Name | Insulin degludec |
Synonyms | Insulin degludec |
CAS | 844439-96-9 |
Molecular Formula | C274H411N65O81S6 |
Molar Mass | 6103.97 |
Storage Condition | 2-8℃ |
Diabetes is a global chronic metabolic disease that requires lifelong treatment. Under the influence of genetic or environmental factors, islet B cells cannot secrete insulin or do not secrete enough, which will lead to diabetes. The loss of islet B cells in patients with type 1 diabetes can degrade protein and fat as an alternative energy source, which can easily lead to ketoacidosis. Insulin resistance exists in patients with type 2 diabetes, and its condition will gradually deteriorate with the decrease of islet B cell function. Patients with early type 2 diabetes will take exercise, diet control and oral hypoglycemic drugs as the main treatment methods, but with the development of the course of the disease, whether type 1 diabetes or type 2 diabetes, insulin is one of the necessary treatment methods. At present, the main three long-acting insulin types are insulin glargine (glargine), insulin detemir (detemir) and insulin degu (degludec).

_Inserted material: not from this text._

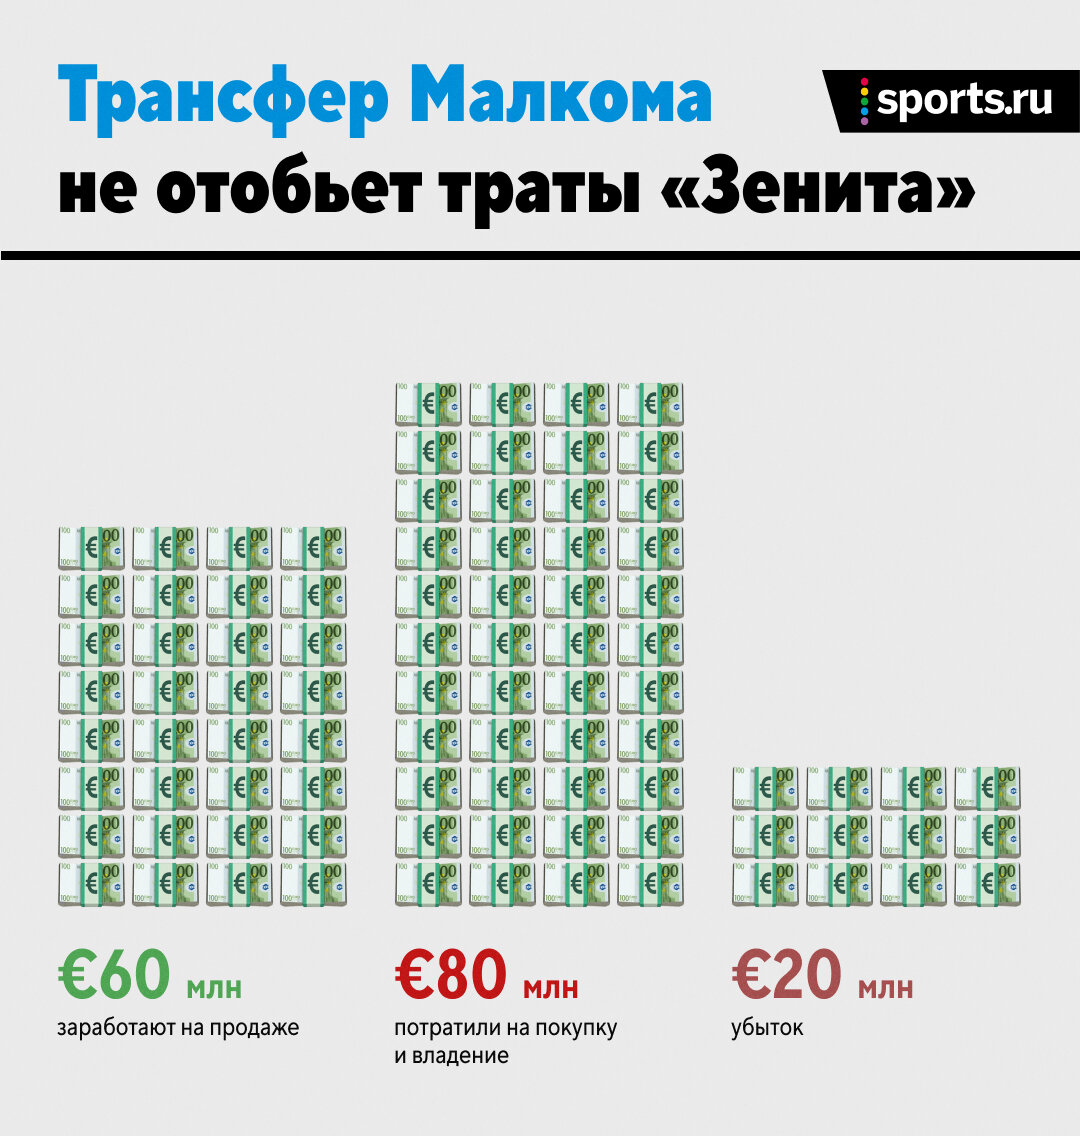 Правда ли, что «Зенит» продал Малкома с прибылью? Мы посчитали все траты на  звезду - Всему Головин - Блоги - Sports.ru

degu insulin was developed by Novo Nordisk company and was listed in Japan in October 2012. it was approved to treat type 1 and type 2 diabetes. Degu insulin is an ultra-long-acting basal insulin analog obtained by removing threonine at B30 on the basis of human insulin and connecting a 16-carbon fatty diacid to lysine at B29 through an L-& gamma;-glutamate linker. This unique molecular structure allows it to exist in the preparation as a stable soluble, dihexamer form before injection.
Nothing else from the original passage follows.